Knicks, Thunder, Cavaliers Interested in Mavericks 13th Pick



> The Dallas Mavericks have aggressively shopped the 13th overall pick in order to clear cap room this offseason.
> 
> The New York Knicks, Oklahoma City Thunder and Cleveland Cavaliers have reportedly shown interest in acquiring the pick.
> 
> ...


http://basketball.realgm.com/wiretap/228237/Knicks-Thunder-Cavaliers-Interested-In-Acquiring-Mavs-Pick


----------



## kbdullah (Jul 8, 2010)

I'm trying to figure out whether I'd rather have more cap this year or a 2014 1st selection next year.

I'm leaning towards having additional cap, that way Mavericks could get a role player like Iguodala or Ellis with Marion's money and still have cap for a max level deal. I really think the Mavericks are going to have to make a move to prove they'll be good before convincing Paul or Dwight to jump ship.


----------



## R-Star (Jun 13, 2002)

Didn't Marion come out last year and say he'd outright refuse to report to a non playoff contending team if traded?


----------



## kbdullah (Jul 8, 2010)

Yep. Probably only matters in Cleveland's case. I'd have to believe that Knicks and Thunder would only offer a 2014 pick if they are interested, as they don't have cap to swallow Marion. I suppose if Cleveland just wants the pick, they could trade for Marion and the pick, and then just negotiate a buy out w/ Marion.


----------



## 29380 (Feb 23, 2009)

kbdullah said:


> Yep. Probably only matters in Cleveland's case. I'd have to believe that Knicks and Thunder would only offer a 2014 pick if they are interested, as they don't have cap to swallow Marion. I suppose if Cleveland just wants the pick, they could trade for Marion and the pick, and then just negotiate a buy out w/ Marion.

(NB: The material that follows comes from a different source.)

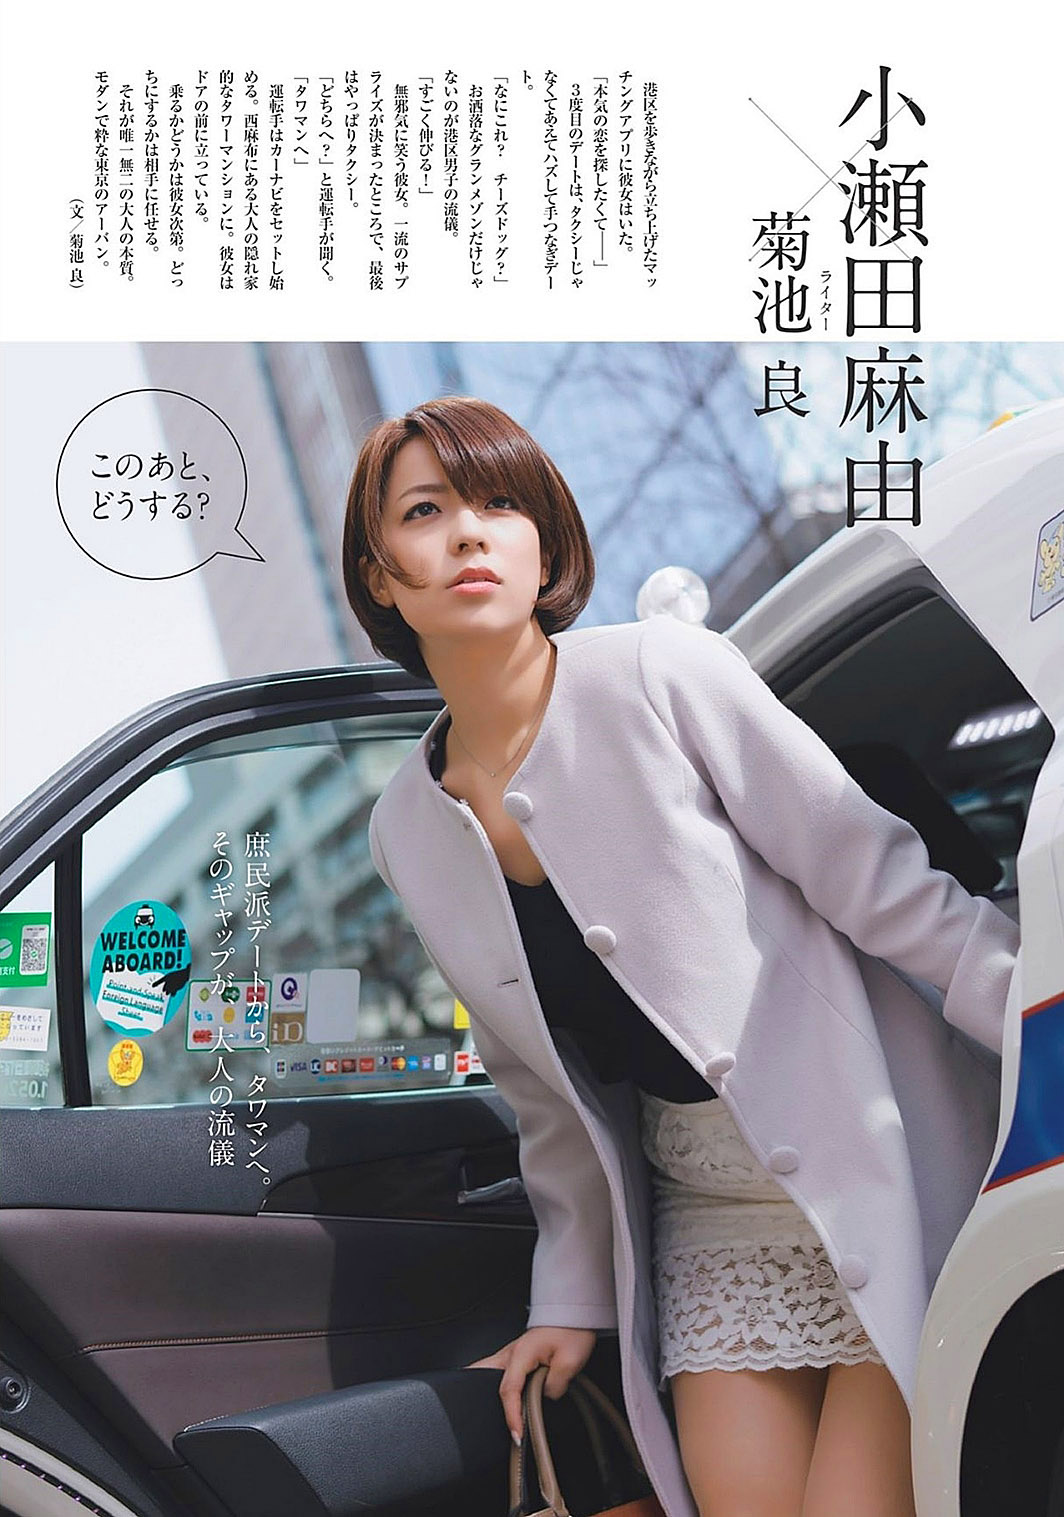 Mayu Koseta Girls 3 2019 01.jpg

Knicks do not have their 2014 can not imagine they are offering anything more than #24 & cash.


----------



## kbdullah (Jul 8, 2010)

Mavericks only interested in cap space, Cuban isn't pressed for cash. Maybe the Knicks have a trade exception or something that Dallas would be interested in, if the Knicks want Marion as a Melo backup.


----------



## R-Star (Jun 13, 2002)

Pretty sure Marion could even have time at the PF on the Knicks, or he could play SF when Melo's at the 4 as well.


----------



## 29380 (Feb 23, 2009)

kbdullah said:


> Maybe the Knicks have a trade exception


They do not, the only assets that they have and will probably make available are #24, 2016 1st(Denver has the right to swap), and cash.


----------



## R-Star (Jun 13, 2002)

Ender said:


> They do not, the only assets that they have and will probably make available are #24, 2016 1st(Denver has the right to swap), and cash.


You'd have to figure its the 2016 first the Mavs would be after.


----------



## 29380 (Feb 23, 2009)

R-Star said:


> You'd have to figure its the 2016 first the Mavs would be after.


I doubt the Mavs have any interest in dealing with the Knicks since they can not eat a contract.


----------